The sequence likelihood is returned by the predict function. By setting decomp=TRUE the output is a matrix containing the probability of each of the symbol composing the sequence. The score $P^S(x)$ of a sequence $x$ represents the probability that the VLMC model stored by the PST $S$ generates $x$ . It can be turned into a more readable prediction quality measure such as the average log-loss

$logloss(S,x)=-\frac{1}{\ell} \sum_{i=1}^{\ell} \log_{2} P^{S}(x_{i}| x_{1}, \ldots, x_{i-1})=-\frac{1}{\ell} \log_{2} P^{S}(x)$

by using 'output=logloss'. The returned value is the average log-loss of each state in the sequence, which allows to compare the prediction for sequences of unequal lengths. The average log-loss can be interpreted as a residual, that is the distance between the prediction of a sequence by a PST $S$ and the perfect prediction $P(x)=1$ yielding $logloss(P^{S},x)=0$ . The lower the value of $logloss(P^{S},s)$ the better the sequence is predicted. For more details, see Gabadinho 2016.

Value

Either a vector of sequence probabilities (decomp=FALSE) or a matrix (if decomp=FALSE) containing for each sequence (row) the probability of each state in columns.

Author(s)

Alexis Gabadinho

References

Gabadinho, A. & Ritschard, G. (2016) Analyzing State Sequences with Probabilistic Suffix Trees: The PST R Package. Journal of Statistical Software, 72(3), 1-39.

Examples

data(s1)
s1 <- seqdef(s1)

S1 <- pstree(s1, L=3, nmin=2, ymin=0.001)
S1 <- prune(S1, gain="G1", C=1.20, delete=FALSE)

predict(S1, s1, decomp=TRUE)
predict(S1, s1)
data(s1)
s1 <- seqdef(s1)

S1 <- pstree(s1, L=3, nmin=2, ymin=0.001)
S1 <- prune(S1, gain="G1", C=1.20, delete=FALSE)

predict(S1, s1, decomp=TRUE)
predict(S1, s1)

Print method for objects of class `PSTf` and `PSTr`

Description

Display a probabilistic suffix tree

Usage

## S4 method for signature 'PSTr'
print(x, max.level = NULL, digits = 1, give.attr = FALSE, 
    nest.lev = 0, indent.str = "", stem = "--")
## S4 method for signature 'PSTr'
print(x, max.level = NULL, digits = 1, give.attr = FALSE, 
    nest.lev = 0, indent.str = "", stem = "--")

Arguments

`x`	A PST, that is an object of class `PSTf` as returned by the `pstree` or `prune` method.
`max.level`	integer.
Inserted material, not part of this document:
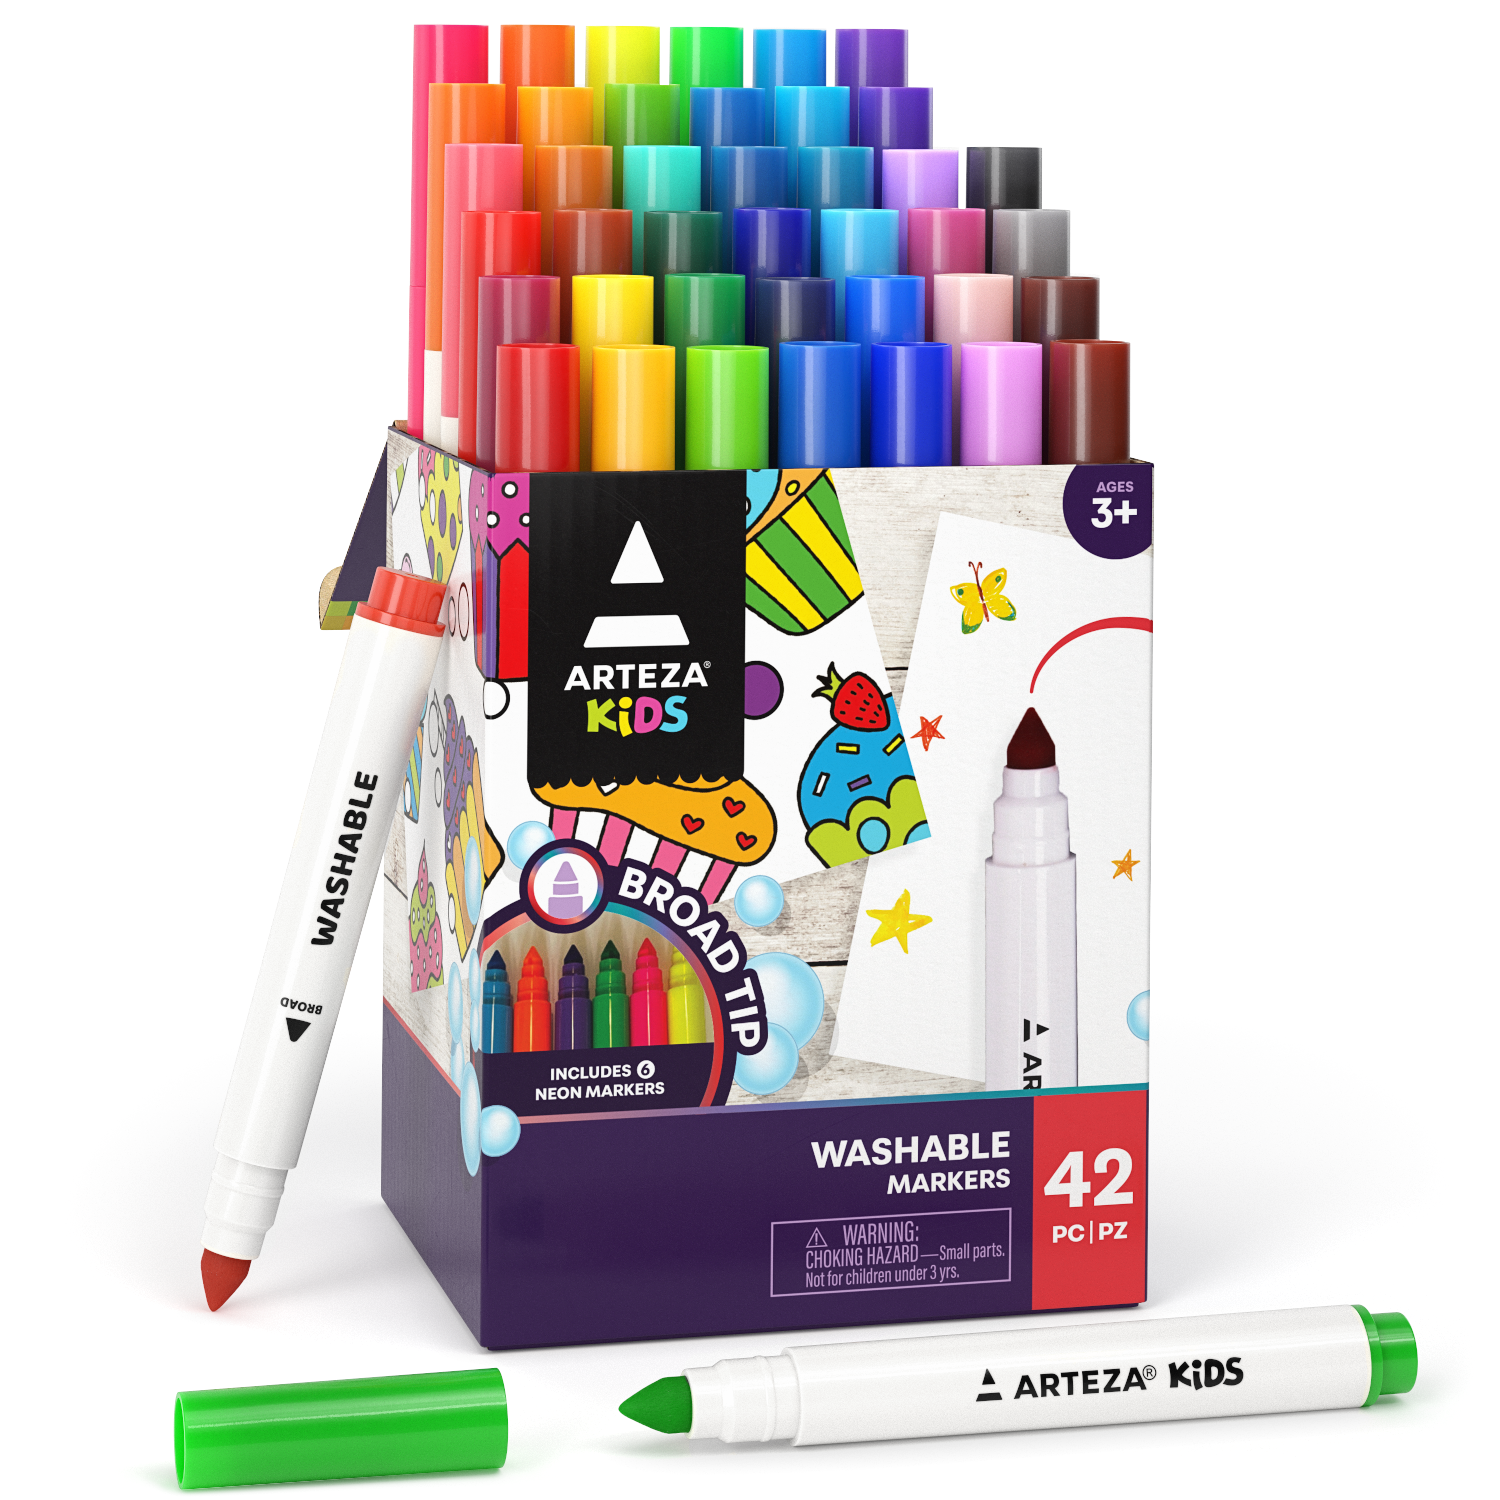 Dual Brush Marker Pens for Coloring Books, Tanmit Fine Tip

The maximal depth for the display of the tree.
`digits`	integer specifying the precision for printing.
`give.attr`	logical. If `TRUE` the attributes of each node (an object of class `PSTr`) are displayed.
`nest.lev`	integer. Parameter used internally by the function.
`indent.str`	character. String used to indent each line when displaying the tree. Default to ”.
`stem`	character. String used to display the stems. Default to '–'.

Methods

signature(x = "ANY")
signature(x = "PSTf")
signature(x = "PSTr")

Prune a probabilistic suffix tree

Description

Prune a PST, using either a gain function, a maximal depth or a list of nodes to keep or remove. Optionally, nodes are not removed from the tree but tagged as deleted, helping to visualize the pruning process.

Usage

## S4 method for signature 'PSTf'
prune(object, nmin, L, gain, C, keep, drop, state, delete = TRUE, lik =TRUE)
## S4 method for signature 'PSTf'
prune(object, nmin, L, gain, C, keep, drop, state, delete = TRUE, lik =TRUE)

Arguments

`object`	a probabilistic suffix tree, i.e., an object of class `"PSTf"` as returned by the `pstree`, `prune` or `tune` function.
`nmin`	integer. All strings having counts less than nmin are removed.
`L`	integer. If specified the the tree is cut at depth L., that is all nodes with depth > L are removed.
`gain`	character. Function for measuring information gain. See `details`.
`C`	numeric. Cutoff value to use with the gain function
`keep`	character. A vector of character strings containing the names of the nodes to keep in the tree. All nodes that are not a suffix of contexts in keep are removed from the tree.
`drop`	character. A vector of character strings containing the names of the nodes to remove from the tree. All nodes that are a suffix of contexts in drop are removed from the tree as weel.
`state`	character. All nodes corresponding to contexts which include `state` are pruned.
`delete`	Logical. If FALSE, the pruned nodes are not removed from the tree but tagged as pruned=FALSE, so that when plotting the pruned tree these nodes wil appear surrounded with red (can be set to another color) lines.
`lik`	Logical. If TRUE, the log-likelihood of the pruned model, i.e. the likelihood of the training sequences given the model, is computed and stored in the 'logLik' slot of the PST. Setting to FALSE will spare the time required to compute the likelihood.

Details

The initial tree returned by the pstree function may yield an overly complex model containing all contexts of maximal length $L$ and frequency $N(c) \geq nmin$ found in the learning sample. The pruning stage potentially reduces the number of nodes in the tree, and thus the model complexity. It compares the conditional probabilities associated to a node labelled by a subsequence $c=c_{1},c_{2}, \ldots, c_{k}$ to the conditional probabilities of its parent node labelled by the longest suffix of $c$ , $suf(c)=c_{2}, \ldots, c_{k}$ . The general idea is to remove a node if it does not contribute additional information with respect to its parent in predicting the next symbol, that is if $\hat{P}(\sigma | c)$ is not significantly different from $\hat{P}(\sigma | suf(c))$ for all $\sigma \in A$ .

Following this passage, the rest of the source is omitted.